С растрепанных страниц старого блокнота на Ирену смотрели внимательные глаза знакомых духов, и казалось, медленно моргает прозрачное третье веко, шевелятся перья, встает дыбом шерсть, сжимаются и разжимаются когти и многосуставчатые пальцы.

…Наконец ветер унялся, в Тауркан улетел вертолет с почтой и продуктами, а обратным рейсом явился старик Кииран, тогдашний шаман. Покачал головой, поцокал языком, взял парня за руку и увел с собой.

Когда Кииран умер, его место на Чигире занял его ученик.

…Она меня предостерегает, — вдруг поняла Ирена. Не связывайся, девочка, не по зубам тебе этот парень, да и никому, наверное…

— Кажется, уже поздно, охо-диме, — сказала она вслух.

И та не поняла.

— И правда, — сказала Аглая. — Давай-ка спать.

--

Выгрузилась из вертолета с большой коробкой — плеер оказался здоровенный, таких уже давно не делают, учколлектор с облегчением избавился от неликвида, — и с целым пакетом дисков с научно-популярными программами. Кунта помог дотащить поклажу до библиотеки.

Михаэль принес из школы телевизор — тот самый, которому не удалось наладить антенну. Некоторое время Ирена растерянно размышляла над разъемами: Шнур, прилагавшийся к плееру, не подходил к телевизору. Родной шнур от телевизора, соответственно, — к плееру. Вздохнула: придется звать кого-нибудь из соседей на помощь. Кто у нас понимает в проводах?..

Хлопнула входная дверь.

— Орей, Ирена, я принес книгу.

Это было бы смешно, ей-богу, если бы только не вздрагивать так на его голос.

— Орей, шаман, — ответила она, не оборачиваясь. — Если у тебя в кармане паяльник, я закричу.

— Зачем паяльник? — удивился шаман. — Тут и плоскогубцев хватит… у тебя же есть плоскогубцы? а впрочем, без них обойдемся. Пусти-ка… Скотч дай.

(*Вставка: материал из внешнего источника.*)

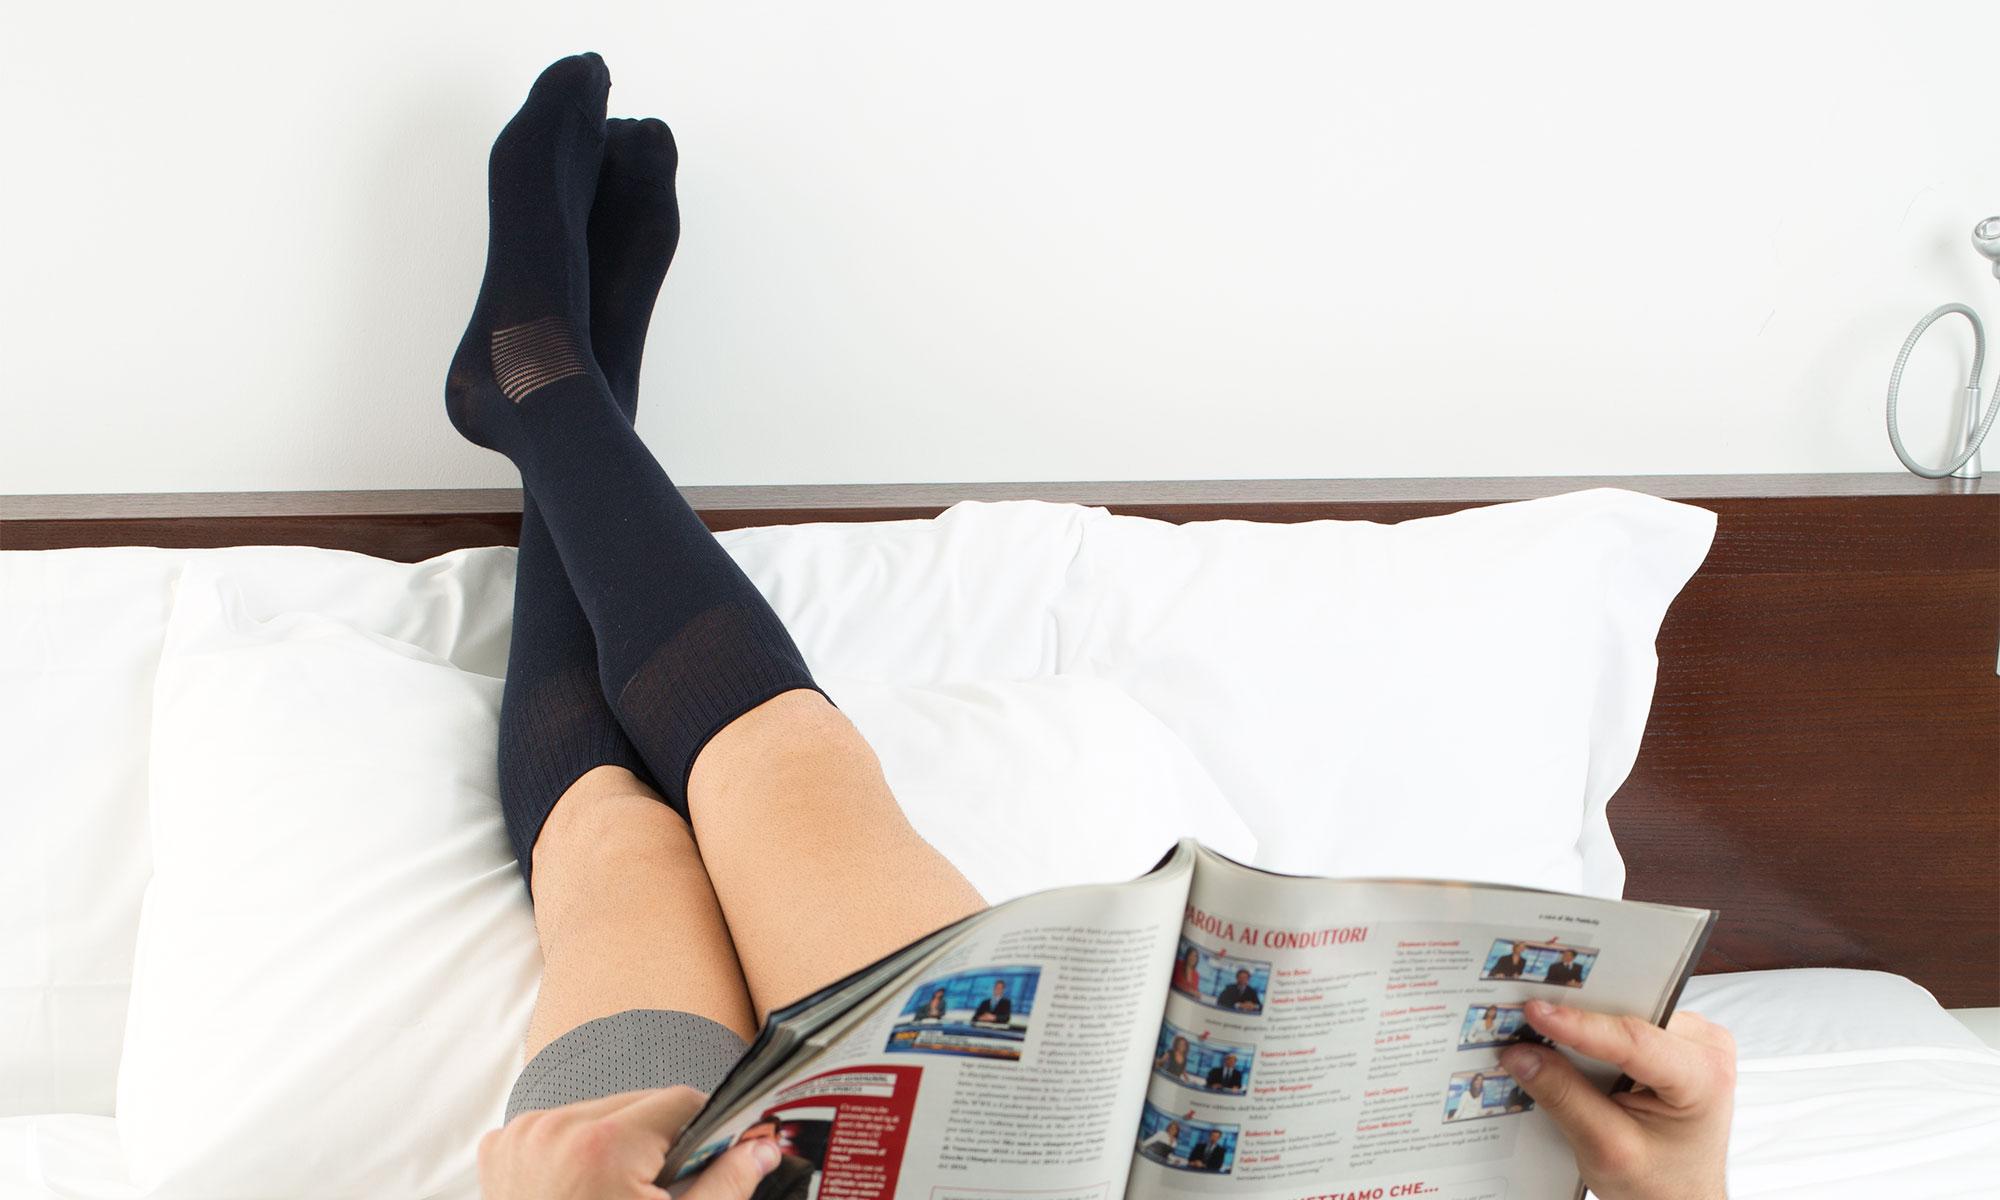 relaxsan-diabetic-socks-560l

Ирена молча протянула липкий рулончик.

Срезал разъемы с одного шнура, пересадил на второй, скрутил провода и обмотал их скотчем.

Воткнули штекеры в гнезда.

Заработало.

— Я думала, ты спляшешь с бубном, — пробормотала Ирена.

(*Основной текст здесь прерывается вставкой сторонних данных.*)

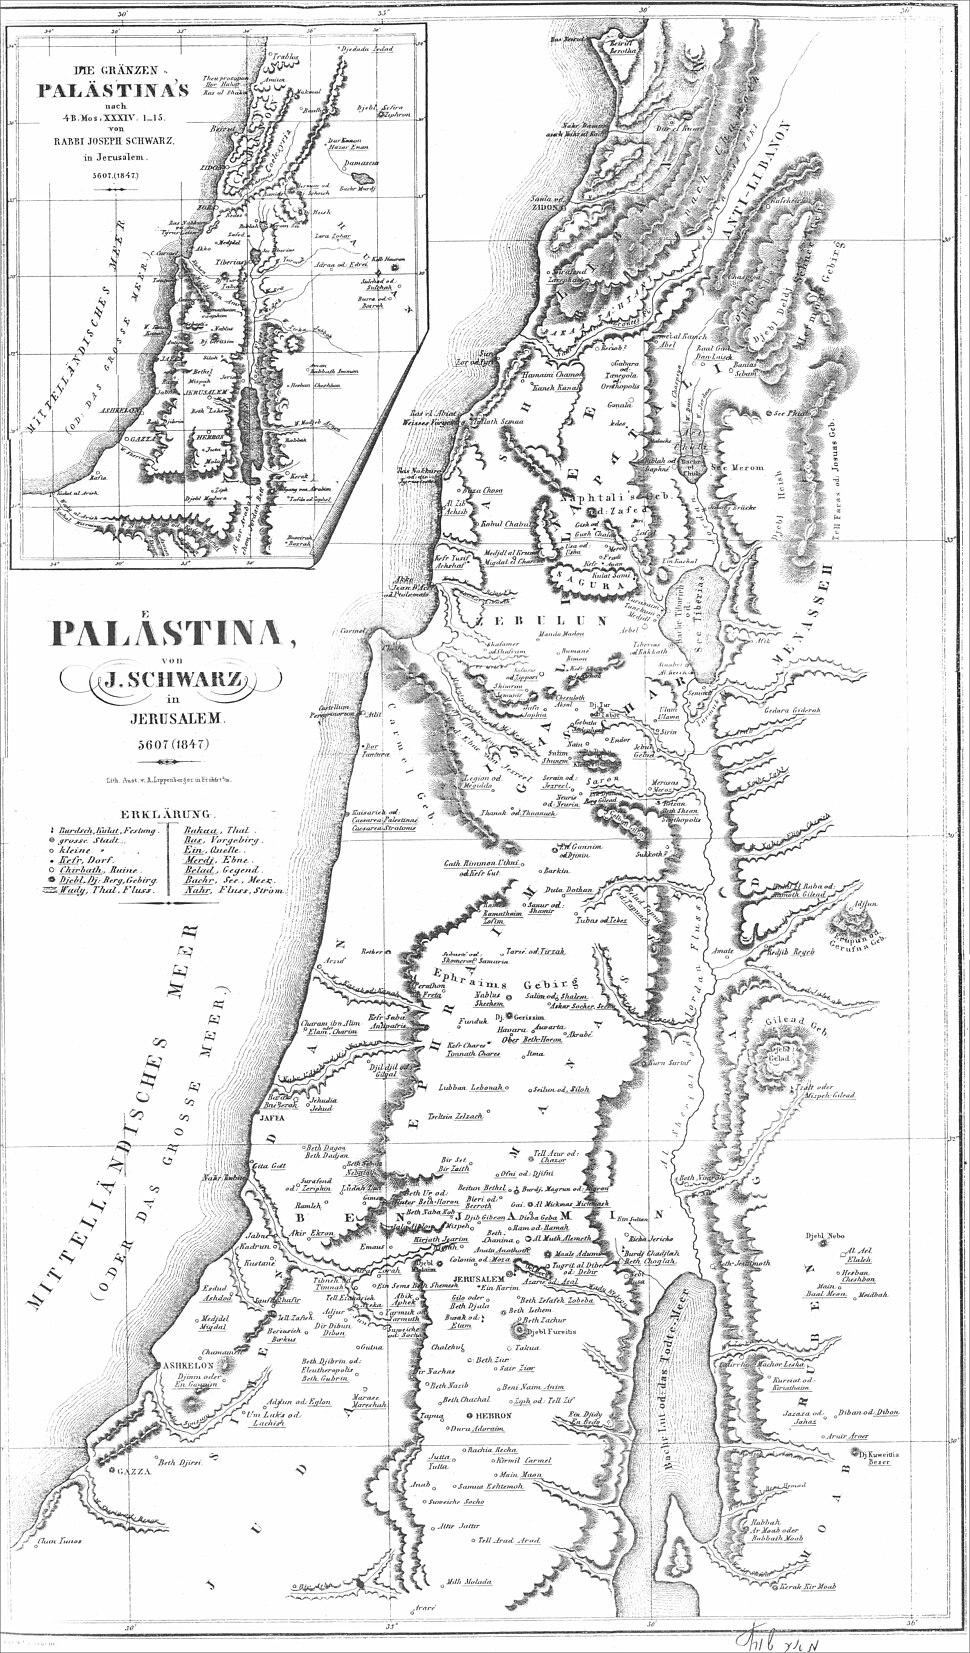 IsraelMapByRabbiJosephSchwarzAt1847

— По таким пустякам не беспокоят духов, — ответил шаман. — Что с тобой, на кого ты сердишься?

— Ты все знаешь, небось, знаешь и это.

Он молчал, пауза затяулась, только диктор бормотал с экрана — что-то о фауне коралловых рифов. Ирена упорно смотрела на мелькающих среди подводных зарослей разноцветных рыбок и ждала неизвестно чего.

Дождалась.

— Мне лучше уйти, Ачаи.

Рыбки расплылись перед глазами, комната закружилась, и чтобы не упасть, пришлось ухватиться за край стола.